Ultimately, such scams work because they play upon the honesty of other members of the community, and exploit trust built up among peers. A common sentiment voiced in such forum threads is that the fraudster has ruined their reputation, and in the long run their dishonesty will cost them more than the few thousand dollars they gain by stealing from backers. Indeed, this may be true for those players who fail hold up their end of a backing or staking deal through incompetence, stupidity or crumbling under adverse circumstances.

However, the web of trust used by online communities is ripe for cold, considered exploitation by serious scammers. Poker players will always need to borrow money or sell action, but while pros used to trade on their reputation among people they knew and worked with, and everyone knew everyone else, in the era of the internet a reputation can be a screen name, a results graph and a handful of online profiles on sites like Twittter and Facebook. Once upon a time, if you became known as a liar or a degenerate, you, your friends and your family would face serious social stigma, and there would be a real threat of legal (or otherwise) retribution. Now, seemingly all it takes to avoid the repercussions of carrying out fraud is to change a screen name or telephone number, or perhaps move to a new city.

Bear in mind that ripping off tournament backers or reneging on a debt can easily net a fraudster tens of thousands of dollars. While that’s play-money for the true high-stakes ballers, for many people that amount of cash is life-changing. When all it takes to make an online rep is a couple of years of tournament success, a few positive transactions with well-known players and a modicum of pleasantness in dealing with people, the incentive to trade in a reputation for a five- or six-figure windfall is huge for a certain kind of person. Accept a large loan or stake or oversell a large tournament entry, and then simply disappear.

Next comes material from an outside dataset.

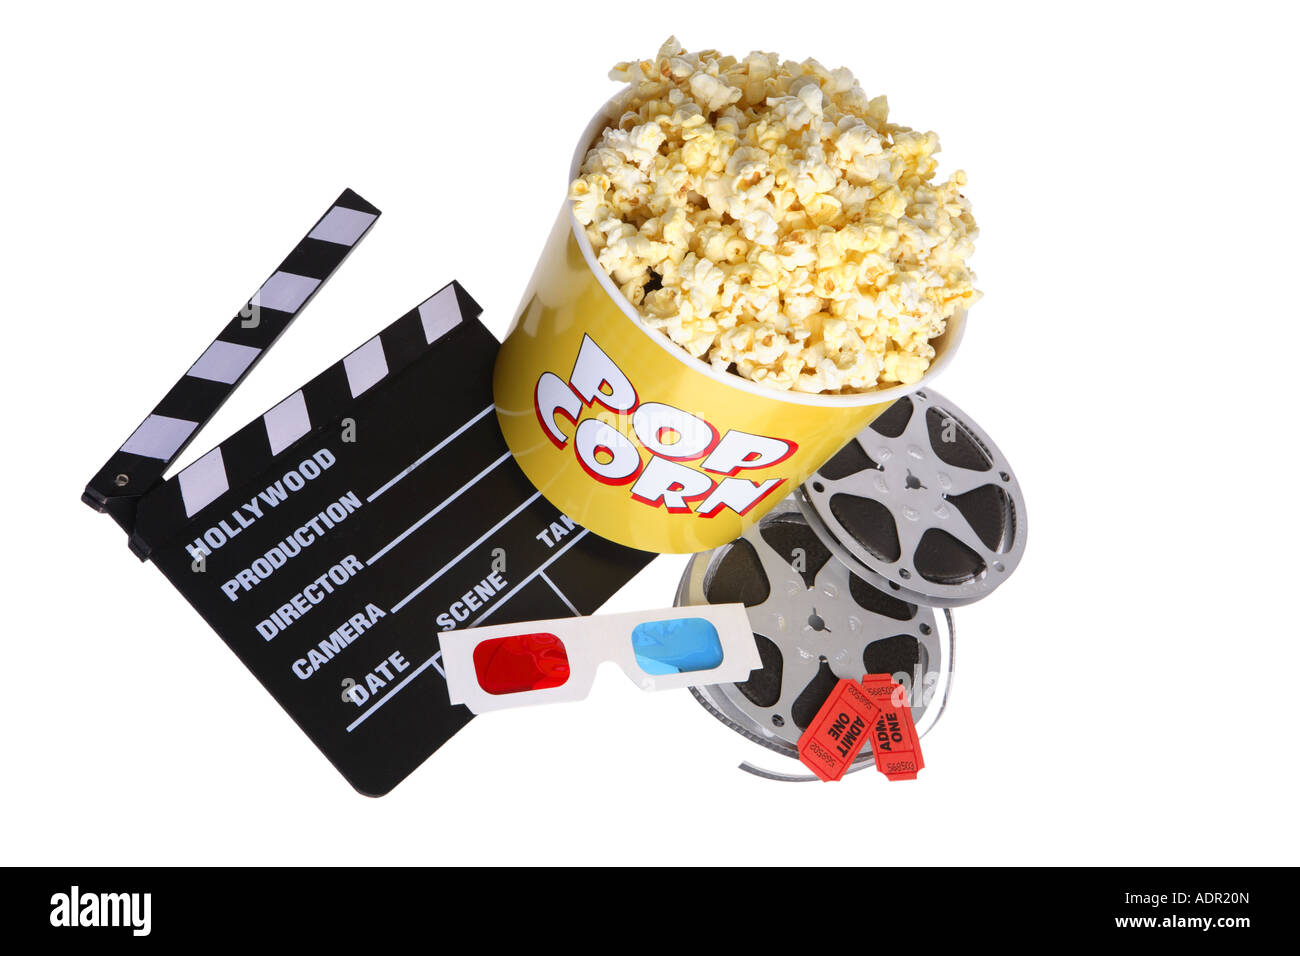 Film choses : clapper board, lunettes 3D, à remous de popcorn, bobines de film et de billets Banque D'Images

Poker players are never going to stop trading action and swapping eye-watering amounts of money in situations that would make a regular person squirm. But when a reputation is built online and is as disposable as an email address or a Skype account, the stakes are far riskier than they might appear. Often, all the victims of the scam can do is hurl insults and threats at the player involved. As anyone who’s ever found themselves furiously posting on message boards at four am will tell you, no one likes to be insulted on the internet.  But in exchange for a chance to steal tens of thousands of dollars, some people will make an exception.